Rachmawati Soekarnoputri ditangkap polisi atas tuduhan makar (Dok Aktual)

Anggota Komisi III DPR RI, Muhammad Syafi’i, menilai penangkapan para aktivis oleh Polda Metro Jaya dengan tuduhan makar sama sekali tidak memiliki landasan hukum. Ia meminta Kapolda Metro Jaya, M. Iriawan membaca kembali pasal makar di KUHP dan menunjukkan pasal yang disangkutkan kepada para aktivis.

“Pasal 104 KUHP itu tertulis: Makar dengan maksud untuk membunuh, atau merampas kemerdekaan, atau meniadakan kemampuan Presiden atau Wakil Presiden memerintah, diancam dengan pidana mati atau pidana penjara seumur hidup atau pidana penjara sementara paling lama dua puluh tahun,” ujar Syafi’i di Jakarta, Sabtu (3/12).

Menurut pria yang kerap disapa Romo ini tidak ada yang akan “membunuh” presiden atau wapres. Justru ia melihat, para aktivis itu ingin mengingatkan akan kemampuan presiden dan wakil presiden untuk bertindak atas pelanggar hukum seperti Basuku Tjahaya Purnama alias Ahok.

“Jadi pasal 105 jelas tidak terpenuhi unsur-unsurnya,” tegas dia.

Dalam pasal 106 KUHP berbunyi , Makar dengan maksud supaya seluruh atau sebagian dari wilayah negara, diancam dengan pidana penjara seumur hidup atau pidana penjara sementara paling lama dua puluh tahun, menurutnya, juga tidak terpenuhi.
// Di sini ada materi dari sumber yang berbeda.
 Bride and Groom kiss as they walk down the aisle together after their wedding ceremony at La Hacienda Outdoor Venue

“Para aktivisi itu justru sedang mengingatkan akan keutuhan NKRI jika Ahok tidak juga dipenjarakan,” jelas Romo.

Sedangkan, untuk pasal 107 ayat (1) tertulis Makar dengan maksud untuk menggulingkan pemerintah, diancam dengan pidana penjara paling lama lima belas tahun. Sementara dalam ayat (2) Para pemimpin dan pengatur makar tersebbut dalam ayat 1, diancam dengan pidana penjara seumur hidup atau pidana penjara sementara paling lama dua puluh tahun.

“Sekarang dimana letaknya mereka mau menggulingkan pemerintahan? Yang mereka tuntut kan jelas agar pemerintahan menegakkan hukum dan menjalankan kewajiban konstitusionalnya. Jelas juga unsur ini tidak bisa dipenuhi,” imbuhnya.
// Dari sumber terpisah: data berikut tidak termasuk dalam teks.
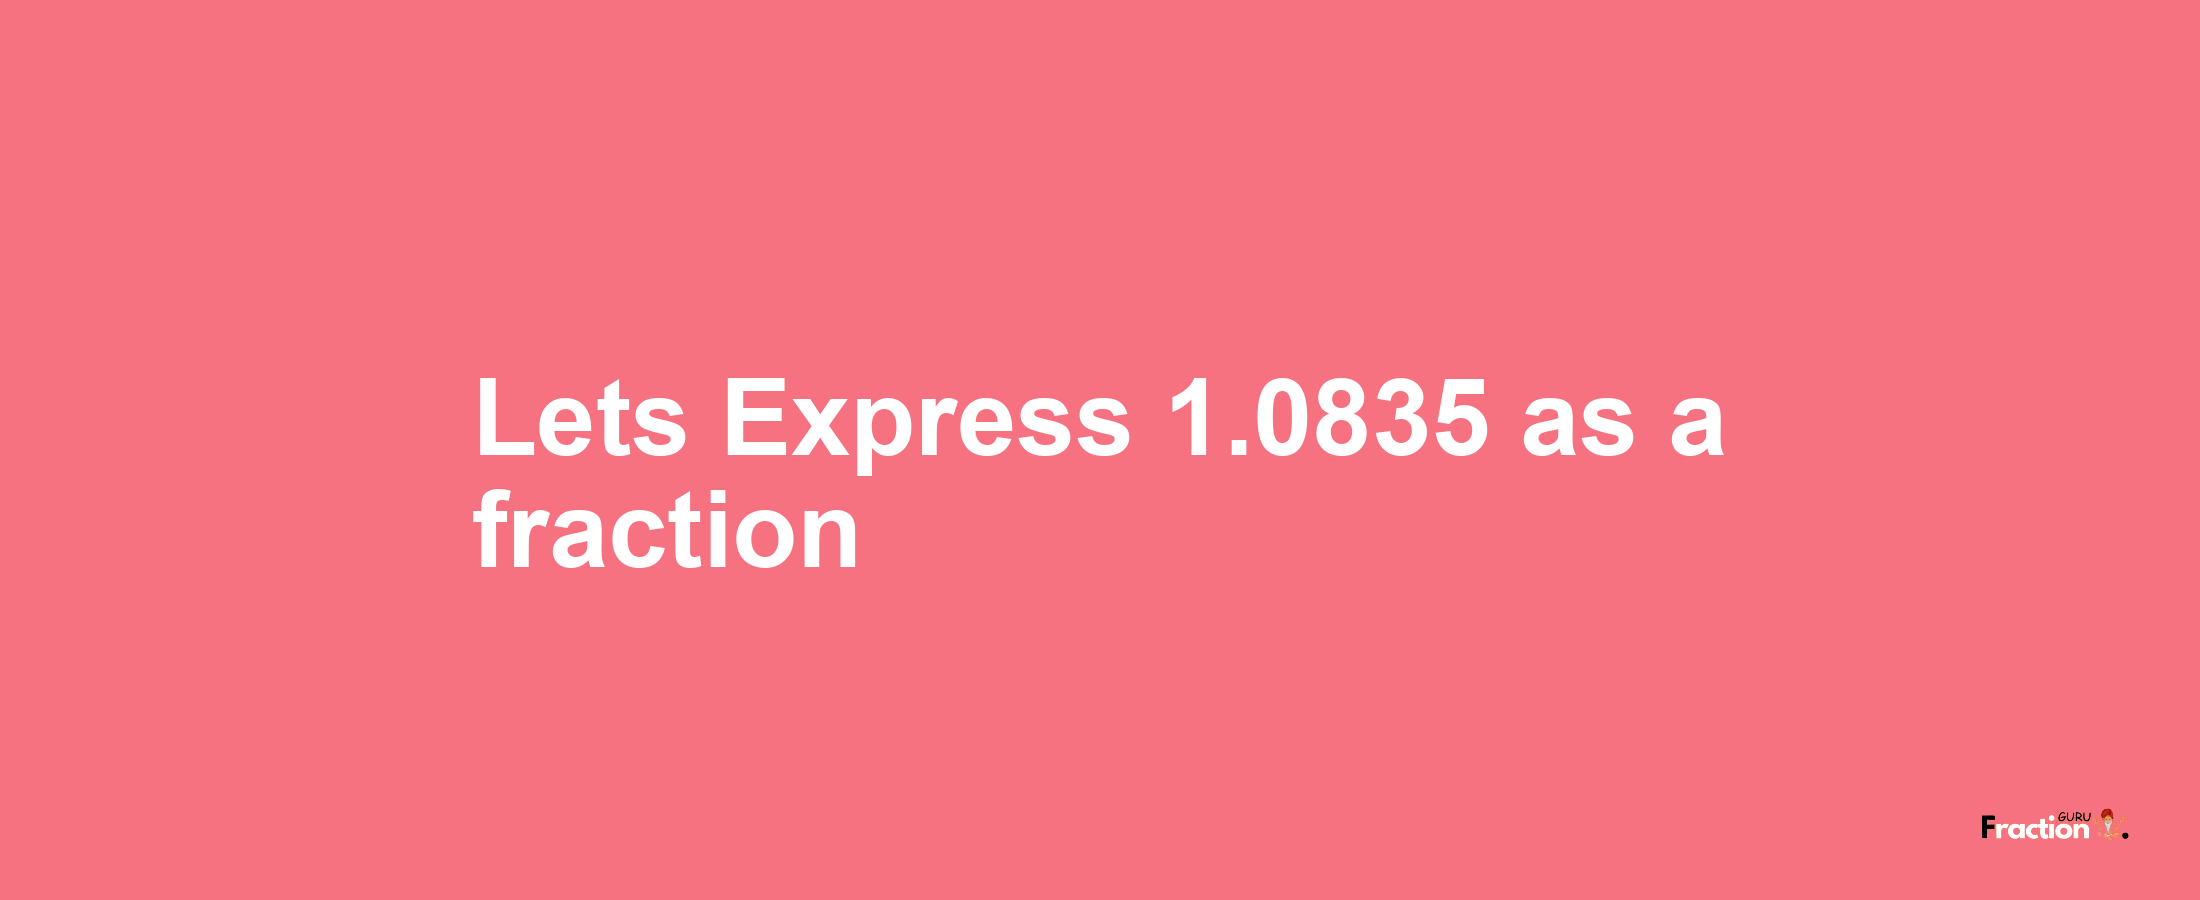 Lets Express 1.0835 as afraction

Bilamana ucapan dan pernyataan para aktivis dianggap melangar karena ucapannya diangap berpotensi untuk terjadinya makar, lanjut Romo, maka apa bedanya pernyataan-pernyataan mereka dengan pernyataan Kapolri Tito Karnavian yang menyebut-nyebut ada rencana makar? Dia pun perlu menggaris bawahi bahwa makar hanya bisa dilakukan dengan kekuatan senjata.

“Sementara yang memiliki senjata itu adalah Polisi dan TNI. Makanya kalau Tito menuduh ada makar, dia artinya mau menuduh ada keterlibatan TNI, karena rakyat gak mungkin makar. Masak orang tidak punya senjata apa-apa mau makar,” jelasnya.

Kalaupun rakyat mau menggulingkan Presiden dan Wapres, kata Romo, maka apa yang dilakuka rakyat adalah sah karena rakyat itu pemegang kekuasaan tertiggi di Republik Indonesia ini.

“Rakyat itu melalui wakil-wakilnya punya hak konstitusional untuk memakzulkan presiden, jadi tidak perlu makar. Makanya aneh pernyataan Tito ini siapa yang dimaksudnya mau makar?,” tandasnya.